Preparing an External Location For Files¶

You might need to prepare an external location for files that you want to transfer between Snowflake and Spark.

This task is required if either of the following situations is true:

You will run jobs that take longer than 36 hours, which is the maximum duration for the token used by the connector to access the internal stage for data exchange.
The Snowflake Connector for Spark version is 2.1.x or lower (even if your jobs require less than 36 hours).

Note

If you are not currently using v2.2.0 (or higher) of the connector, Snowflake strongly recommends upgrading to the latest version.

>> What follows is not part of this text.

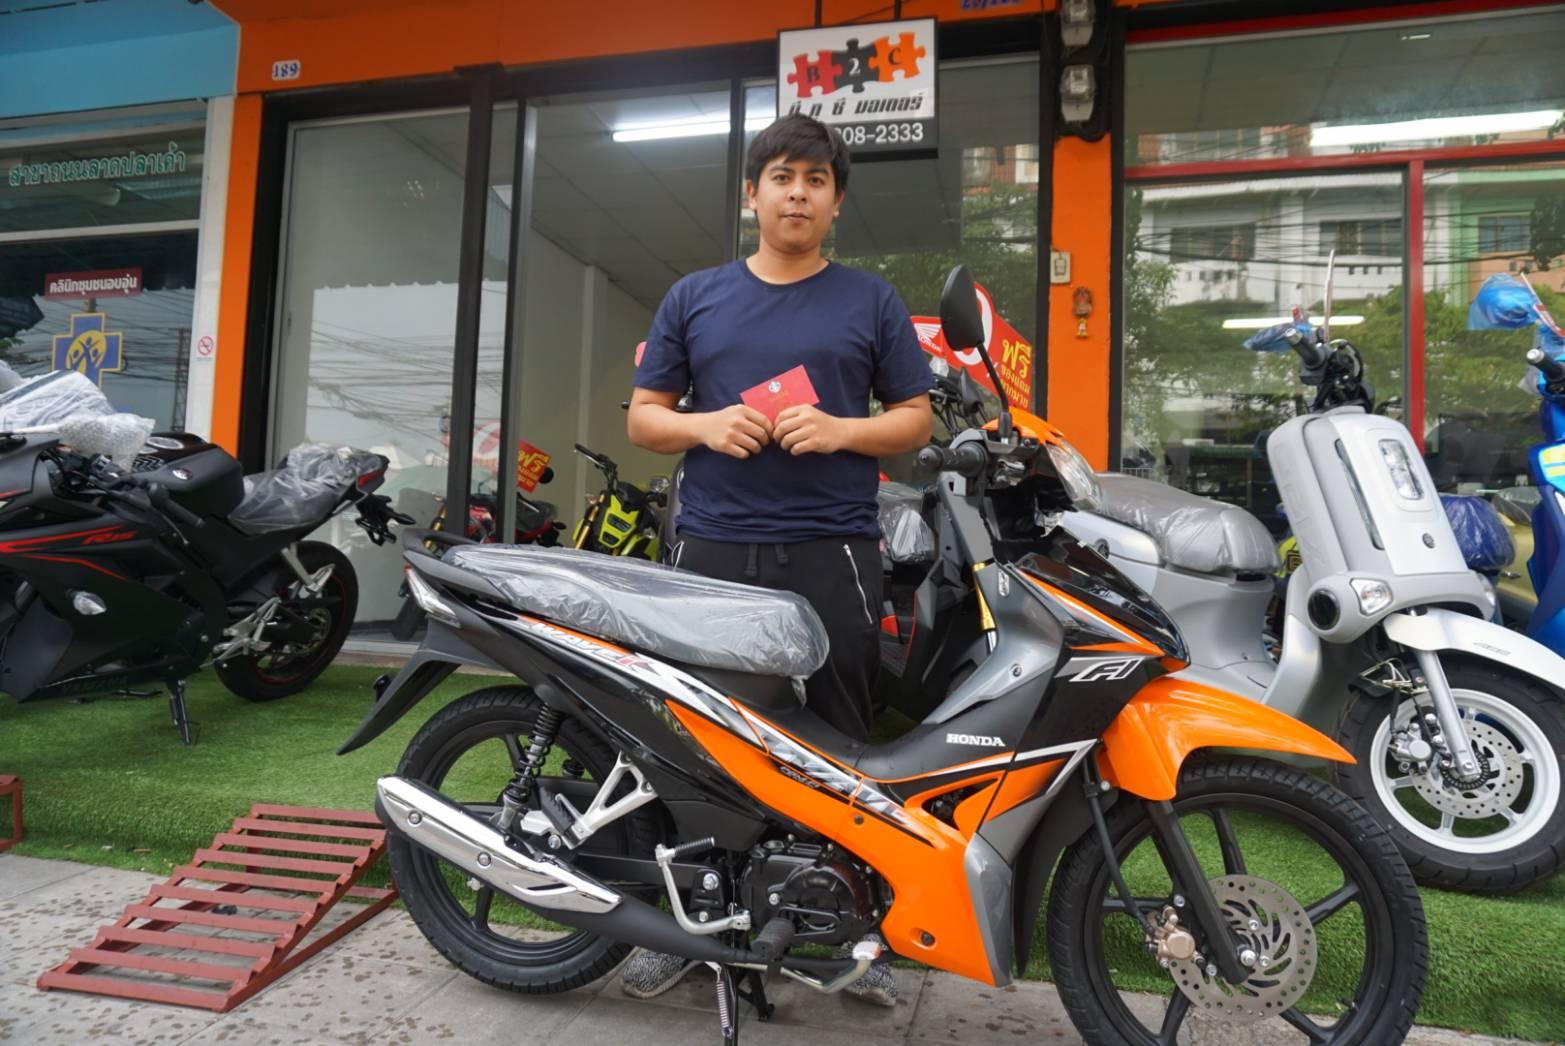 ฮอนด้าเวฟ110 ส้มดำ ฟรีดาวน์

Preparing an AWS External S3 Bucket¶

Prepare an external S3 bucket that the connector can use to exchange data between Snowflake and Spark. You then provide the location information, together with the necessary AWS credentials for the location, to the connector. For more details, see Authenticating S3 for Data Exchange in the next topic.

Important

If you use an external S3 bucket, the connector does not automatically remove any intermediate/temporary data from this location. As a result, it is best to use a specific bucket or path (prefix) and set a lifecycle policy on the bucket/path to clean up older files automatically. For more details on configuring a lifecycle policy, see the Amazon S3 documentation.

Preparing an Azure Blob Storage Container¶

Prepare an external Azure Blob storage container that the connector can use to exchange data between Snowflake and Spark. You then provide the location information, together with the necessary Azure credentials for the location, to the connector. For more details, see Authenticating Azure for Data Exchange in the next topic.